Here’s a letter to the Wall Street Journal:
You describe the late Felix Rohatyn as a Democrat who looked more favorably upon economic growth than do many of today’s Democrats (“Felix G. Rohatyn,” Dec. 24). Perhaps; the standard is quite low. But the case remains unclear. Mr. Rohatyn was dismayed that the creative destruction unleashed by the free market threatens the profitability of established industries. And so to protect these industries from competition, Mr. Rohatyn did more than promote (as you put it) “spending on public infrastructure”: he wished also to resurrect the Reconstruction Finance Corporation – a scheme of government allocation of resources that Elizabeth Warren and many other Democrats today would surely warmly embrace.

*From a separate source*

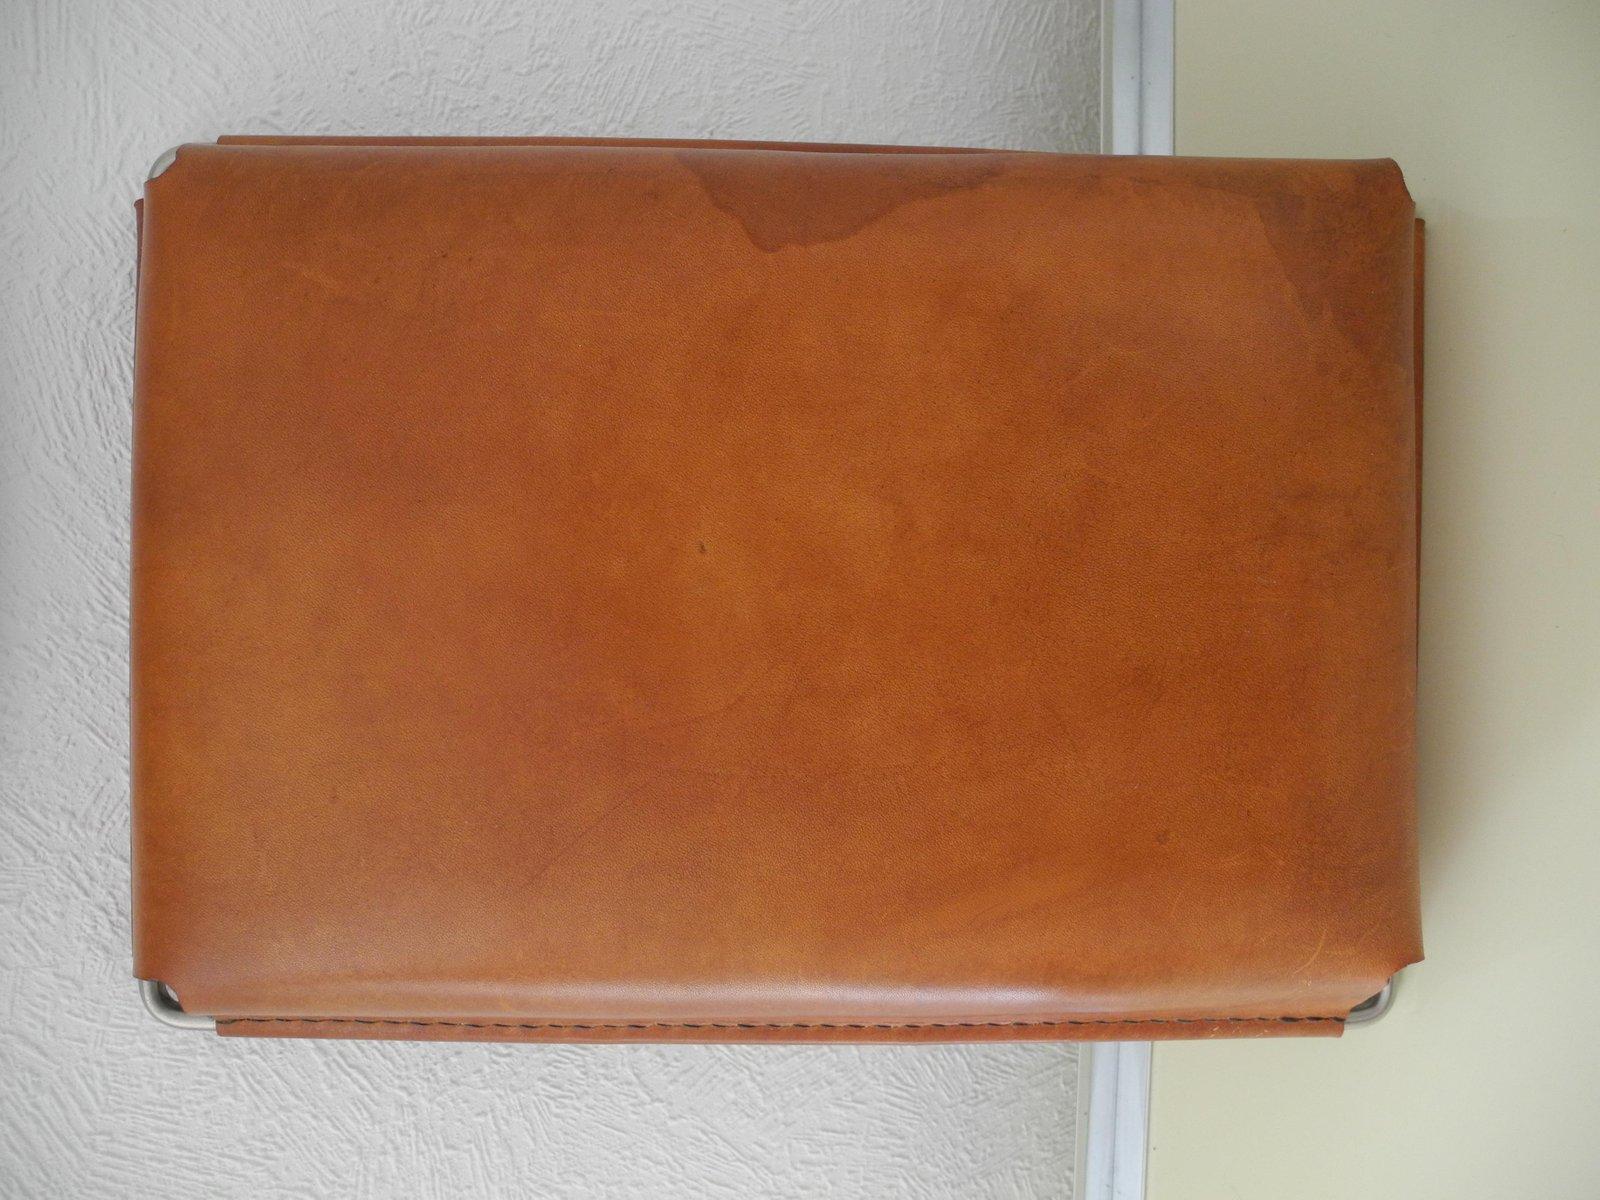 vintage tablett aus cognacfarbenem leder von carl aub ck bei pamono kaufen. Black Bedroom Furniture Sets. Home Design Ideas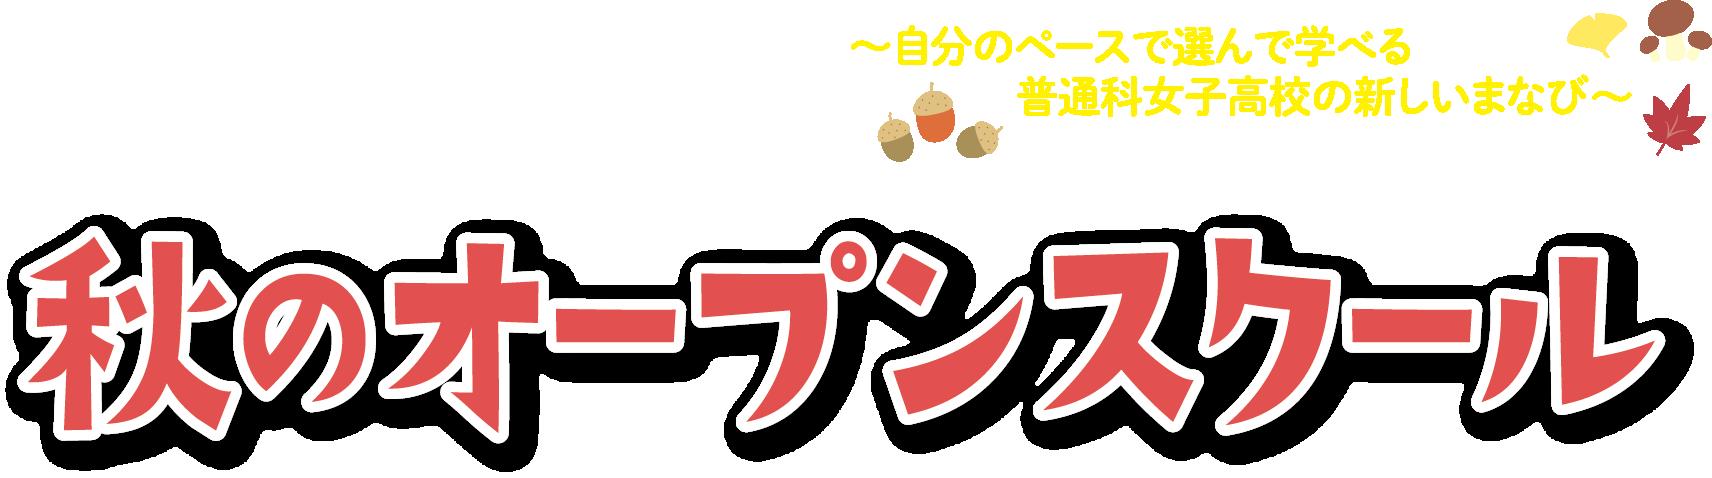 長崎女子高校 OPENSCHOOL ミニ文化祭

Also, Mr. Rohatyn’s skills in rescuing New York City from its 1970s financial straits were not remarkable. The bonds issued by the Rohatyn-led state-level Municipal Assistance Corporation were, as my late colleague Don Lavoie explained in 1985, “sold only when the federal government agreed to offer over a billion dollars in loan guarantees and other forms of support…. Rohatyn was able to save the city by spreading its burdens to state and national taxpayers.”*
Felix Rohatyn was a friend neither of taxpayers nor of the innovative market competition that alone delivers real, robust, and widespread economic growth.
Donald J. Boudreaux
Professor of Economics
Martha and Nelson Getchell Chair for the Study of Free Market Capitalism at the Mercatus Center
George Mason University
Fairfax, VA 22030
* Don Lavoie, National Economic Planning: What Is Left? (Washington: Cato Institute, 1985), pages 191-192.